ABN AMRO heeft daarop bij brief van 2 december 2021 aan de advocaat meegedeeld dat zij blijft bij haar besluit om de bankrelatie met [eiser 2] te beëindigen, maar dat zij daartoe pas per 2 februari 2022 zal overgaan.

3.Het geschil

3.1.
Eisers vorderen – samengevat – bij vonnis uitvoerbaar bij voorraad ABN AMRO (indien nodig op straffe van een dwangsom) te veroordelen de bankrelatie en alle bestaande overeenkomsten met hen voort te zetten, dan wel te herstellen en haar te veroordelen in de proceskosten (inclusief nakosten).
3.2.
Eisers stellen dat ABN AMRO is tekortgeschoten, omdat zij niet aan haar zorgplicht heeft voldaan, temeer daar zij bij haar beslissing tot beëindiging van de bankrelaties geen zorgvuldige belangenafweging heeft gemaakt.
[eiser 1] heeft op 7 november 2021 nog een nadere toelichting verschaft en duizend documenten in een elektronische bestand en per post aan de bank verstrekt. Daargelaten de vraag of ABN AMRO redelijk handelde door zulke omvangrijke informatie op te vragen, heeft [eiser 1] een enorme inspanning geleverd om aan dit verzoek te voldoen. Aangezien de bank al drie dagen na ontvangst van de stukken heeft meegedeeld dat haar beslissing in stand bleef, kan worden geconstateerd dat zij die beslissing niet op grond van een zorgvuldige belangenafweging heeft genomen. Het lijkt er immers op dat ABN AMRO geen kennis heeft genomen van de stukken.

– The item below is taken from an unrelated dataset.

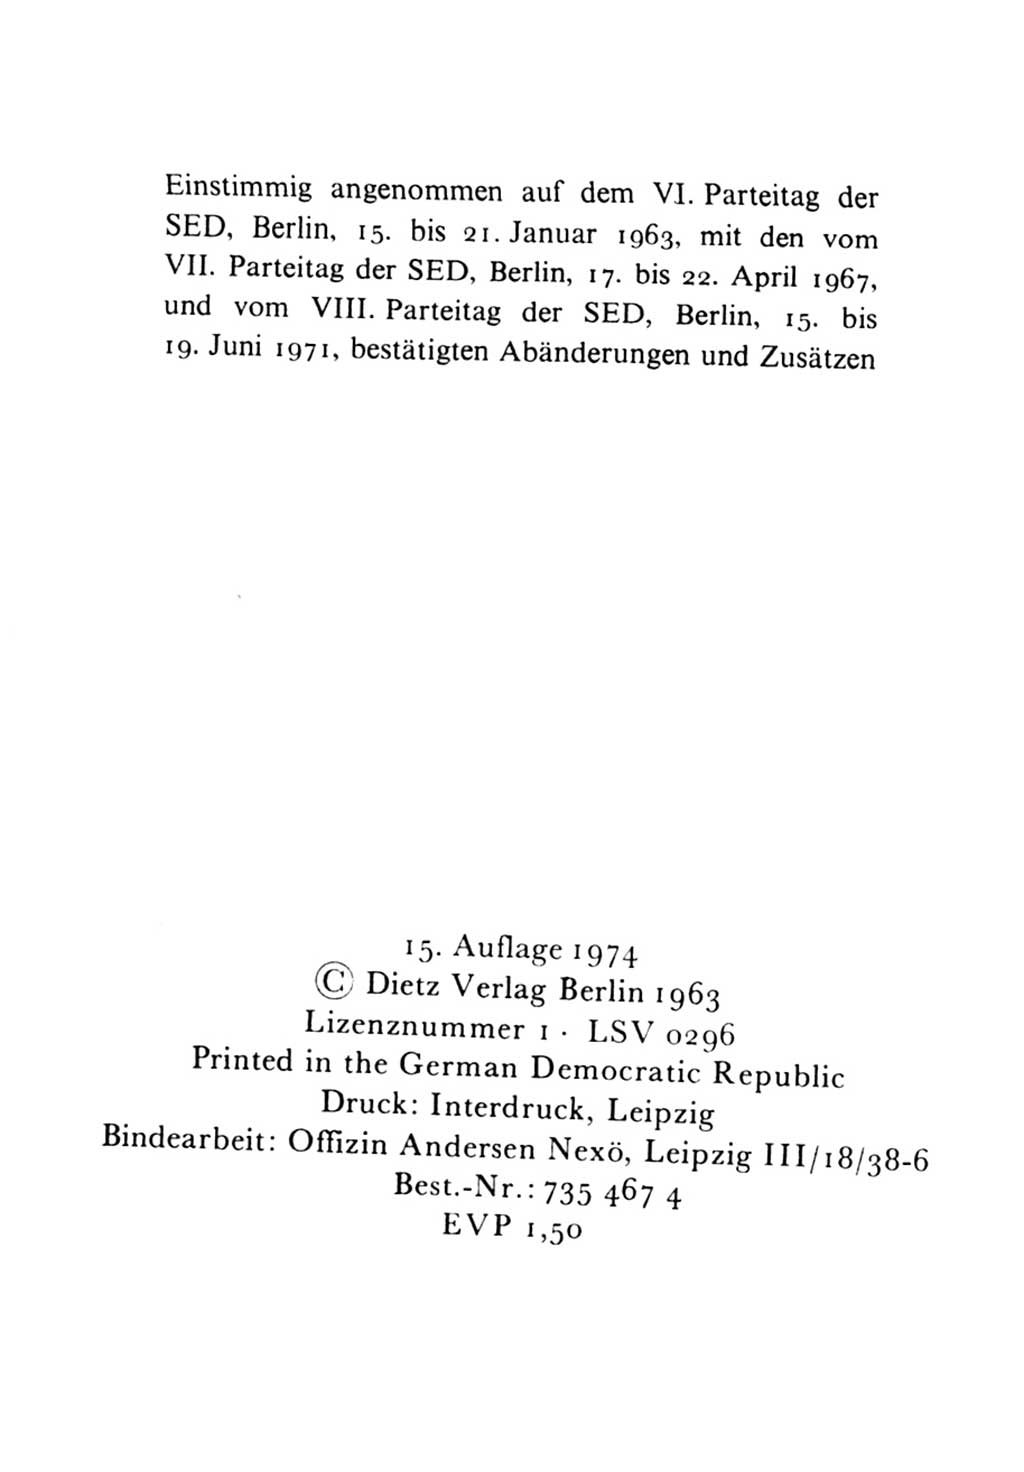 Statut der Sozialistischen Einheitspartei Deutschlands (SED) 1971, Seite 4 (St. SED DDR 1971, S. 4)

ABN AMRO heeft verder ten onrechte de bevindingen van het klantonderzoek naar [eiser 1] ten grondslag gelegd aan de beëindiging van de bankrelatie met [eiser 2] en haar moeder. Zelf zijn zij immers geen onderwerp geweest van onderzoek en hun belangen zijn niet gewogen. Ook speelt een rol dat de toegang tot het bancaire systeem essentieel is en er een gegronde reden moet zijn om de bankrelatie te beëindigen. Hiervan is geen sprake.
Tot slot heeft ABN AMRO op grond van artikel 2 ABV haar beslissingen niet deugdelijk gemotiveerd. Betrokkenen zijn hierdoor in hun belangen geschaad en konden zich niet deugdelijk laten adviseren in deze kwestie. Eisers kunnen zich niet aan de indruk onttrekken dat ABN AMRO door een ‘phishing expedition’ tevergeefs heeft getracht onvolkomenheden boven tafel te krijgen.

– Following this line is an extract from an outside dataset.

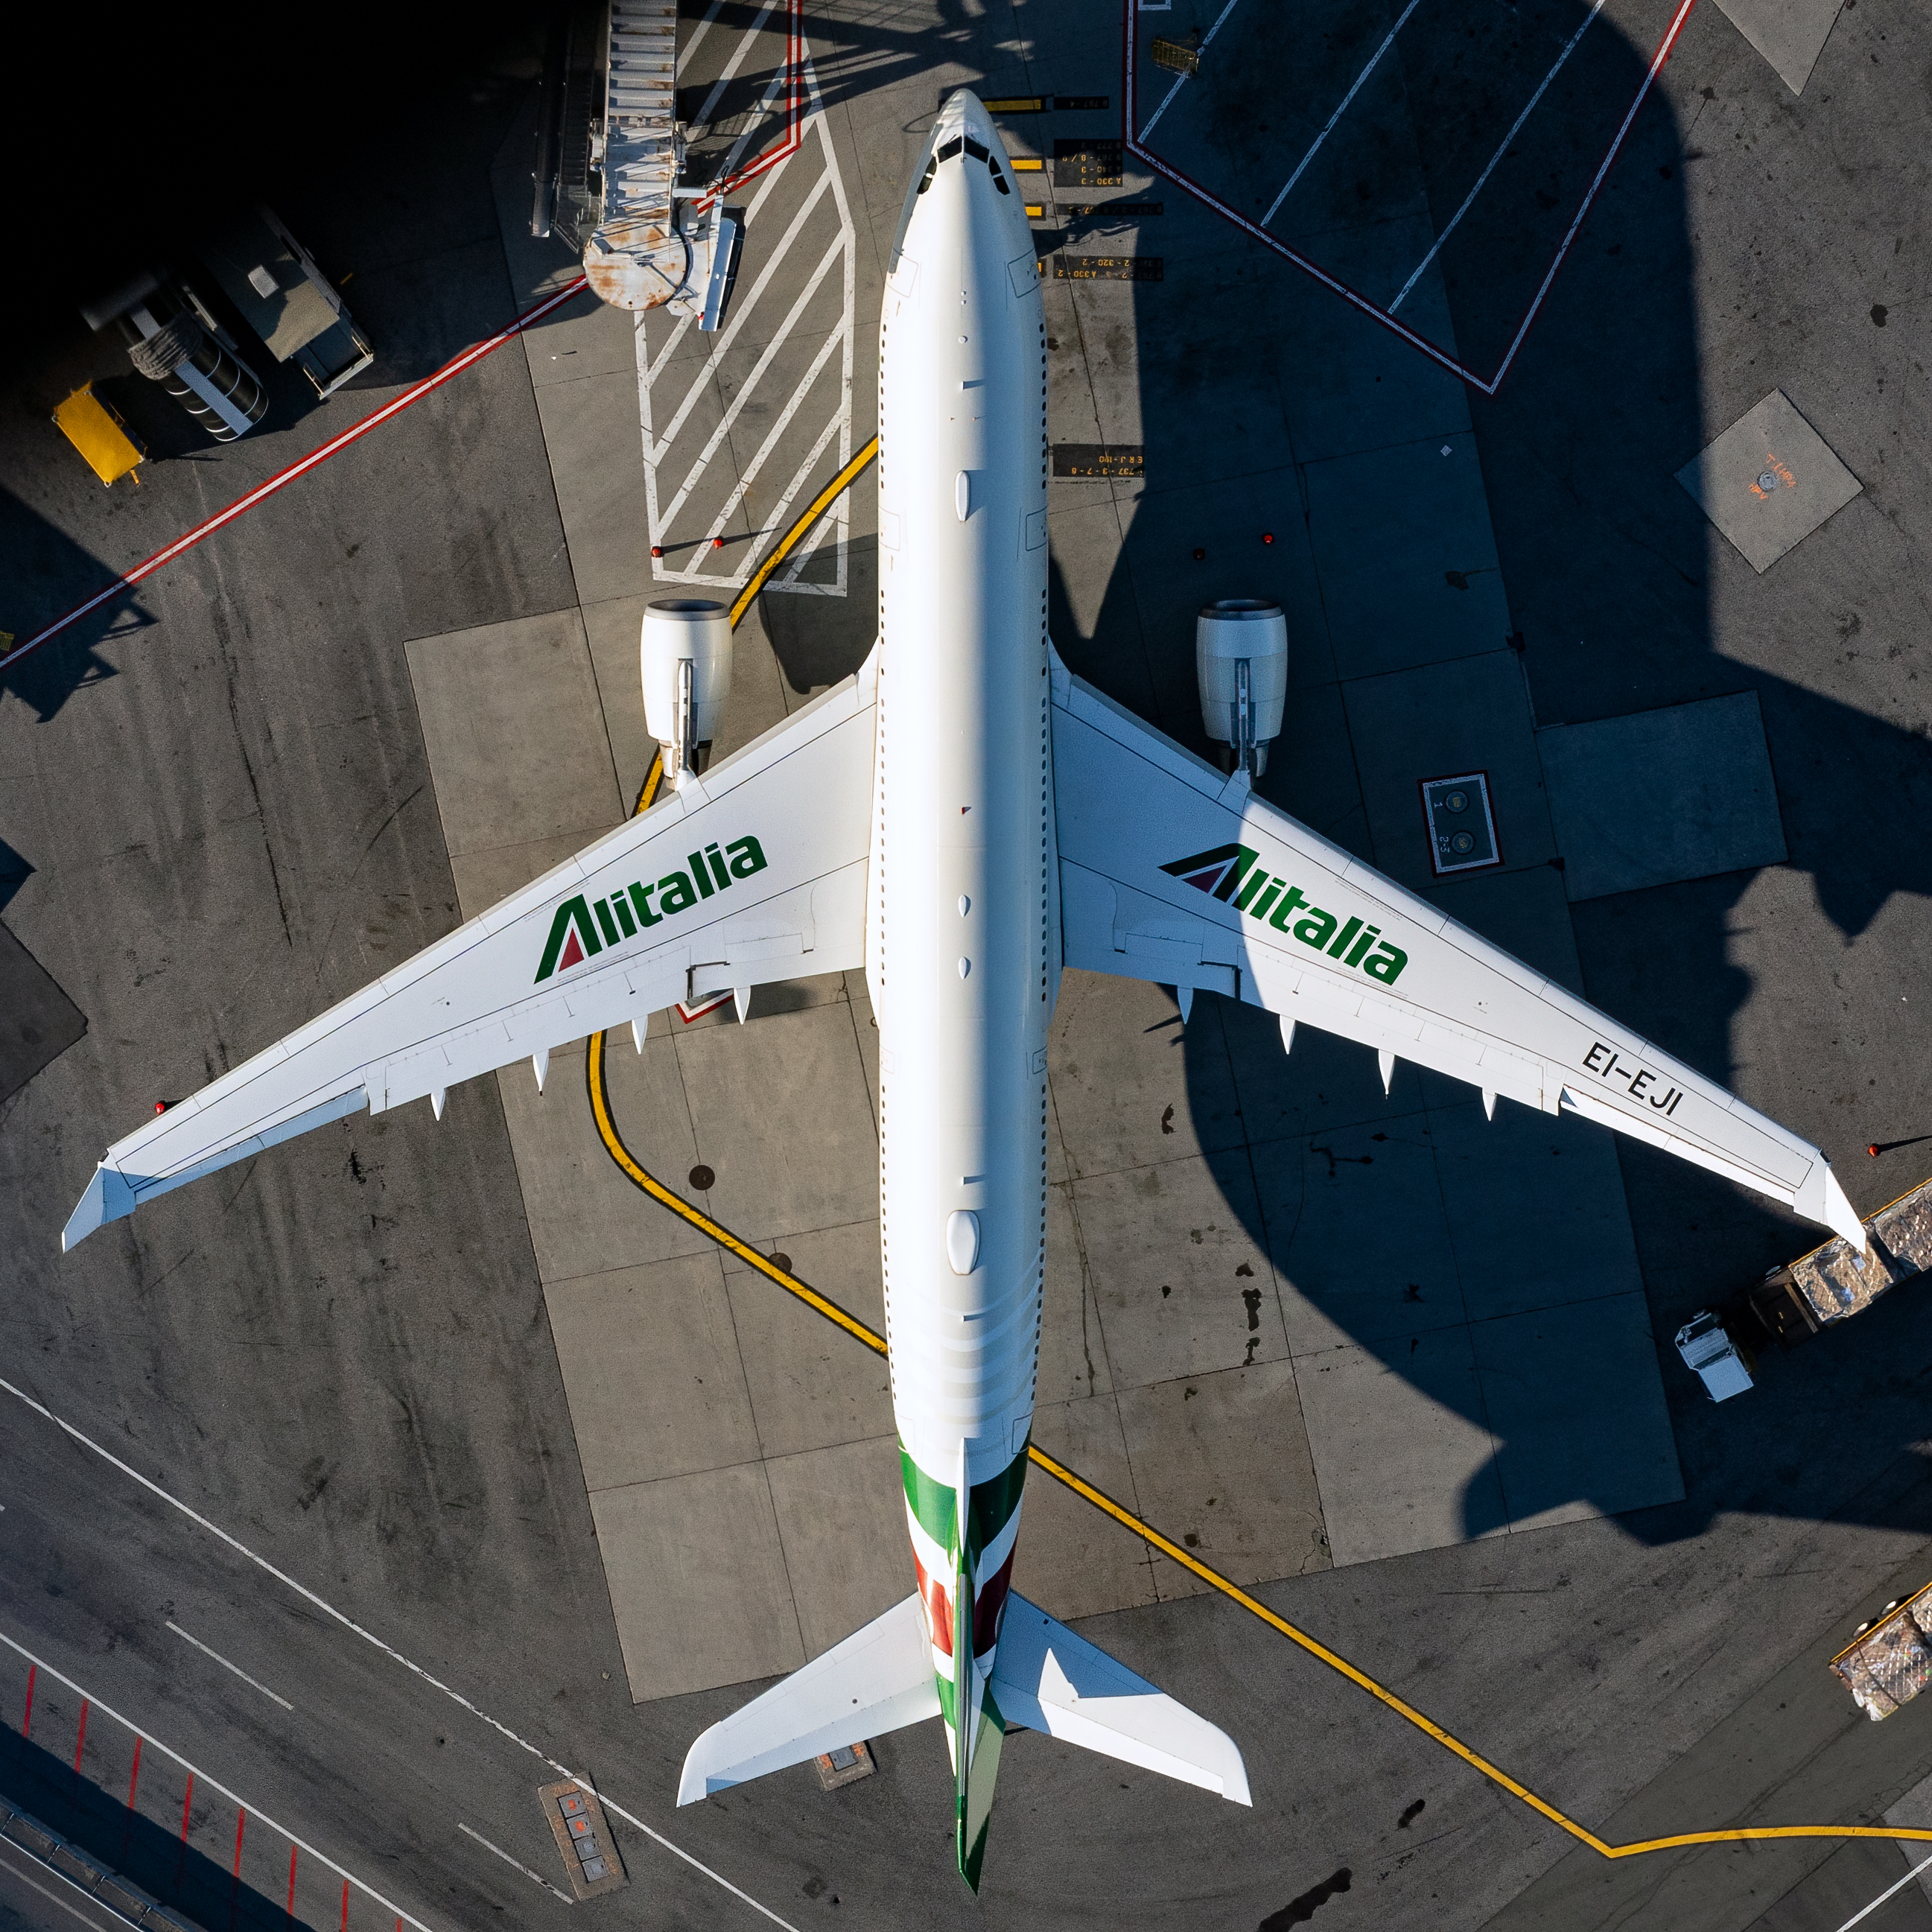 Copy-of-Alitalia-Airbus-A330-202-EI-EJI-2

Het spoedeisend belang volgt uit de aard van de zaak en de omstandigheid dat per 2 februari 2022 de bankrelatie met [eiser 2] eindigt.
3.3.
ABN AMRO voert – samengevat – het volgende verweer.

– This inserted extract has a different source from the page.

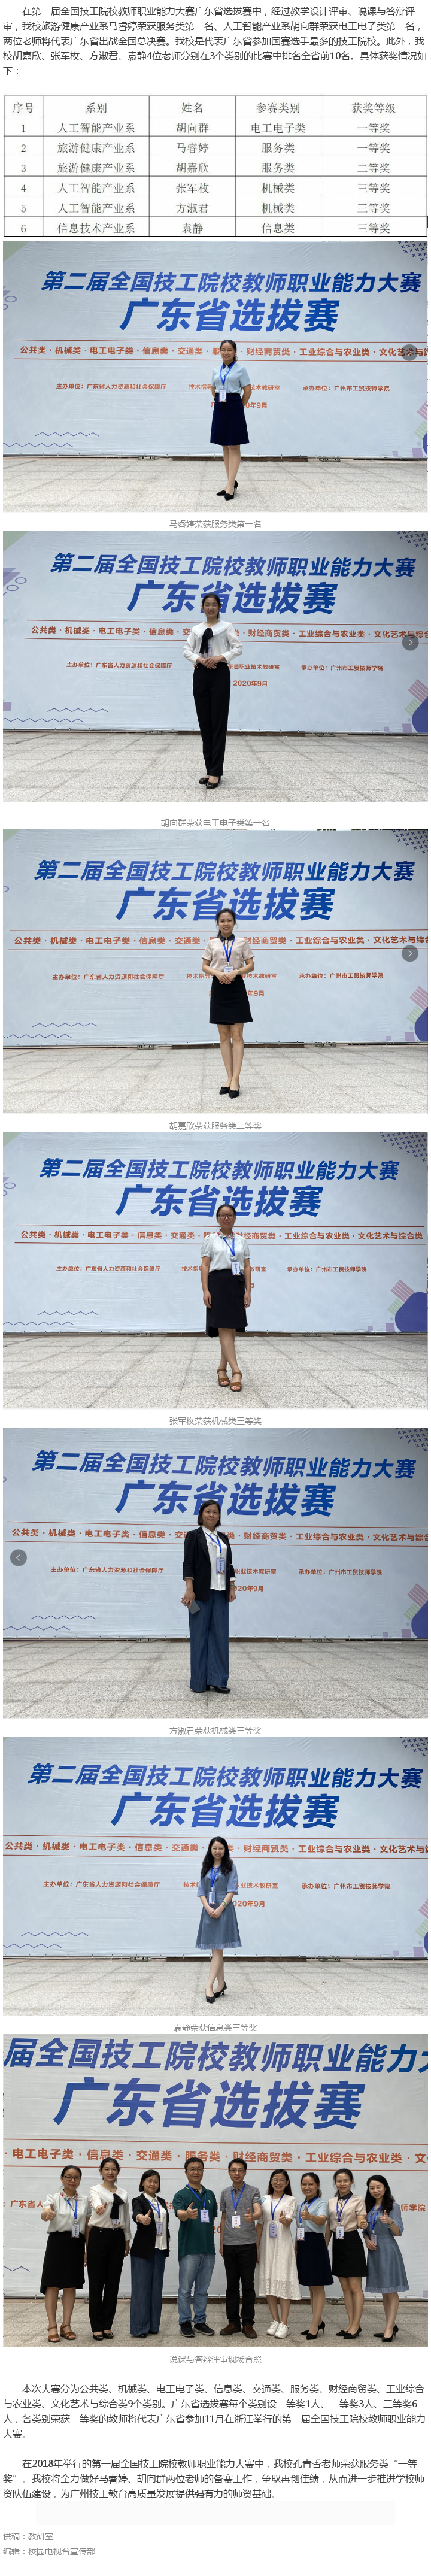 【喜讯】我校两位教师将代表广东省参加第二届全国技工院校教师职业能力大赛

De opzeggingen zijn gebaseerd op een veelomvattend klantonderzoek en hebben op basis van een zorgvuldige belangenafweging plaatsgevonden. De bank kan nakoming van op haar rustende verplichtingen uit de Wwft niet waarborgen indien de bankrelaties in stand blijven. Zij kan ook niet overzien welke integriteits- en reputatierisico’s zij loopt bij voortzetting daarvan. Gelet op de zorgvuldige belangenafweging, de reden voor beëindiging en de minimale gevolgen die de opzegging voor eisers heeft, de wijze waarop de beëindiging is gecommuniceerd en de opzegtermijnen die in acht zijn genomen, kan de beëindiging van de klantrelaties niet naar maatstaven van redelijkheid en billijkheid onaanvaardbaar worden geacht. Nu de relatie met [eiser 1] om integriteitsredenen is beëindigd, kon de bank ook de relatie met haar bestuurder, [eiser 2] , beëindigen.
3.4.
Op de stellingen van partijen wordt hierna, voor zover van belang, nader ingegaan.

4.De beoordeling

4.1.
Een vordering om een bankrelatie voort te zetten, dan wel te herstellen is in kort geding toewijsbaar als voldoende aannemelijk is dat de bodemrechter die vordering zal toewijzen en als niet van de eisende partij kan worden verlangd dat die de uitkomst van een bodemprocedure afwacht.
4.2.
Het spoedeisend belang bij de vordering volgt uit de aard van de vordering. Als de opzegging doorgaat kan [eiser 2] per 2 februari 2022 niet meer over haar betaalrekeningen bij ABN AMRO beschikken. Voor [eiser 1] geldt dat de bankrelatie met haar al is beëindigd. Een belang bij het herstel daarvan kan haar echter niet worden ontzegd, omdat zij haar betaalrekening voor haar bedrijfsvoering wil gebruiken. Dat eisers beiden beschikken over een bankrekening bij een andere bank, maakt niet dat hun spoedeisend belang ontbreekt. Zij kunnen immers een zwaarwegend belang hebben bij (het behoud van) hun ABN AMRO rekeningen.
4.3.
Op grond van artikel 35 ABV heeft de bank een contractuele bevoegdheid de relatie met een klant te beëindigen. De opzeggingsbevoegdheid van een bank en haar contractuele vrijheid zijn echter niet onbegrensd.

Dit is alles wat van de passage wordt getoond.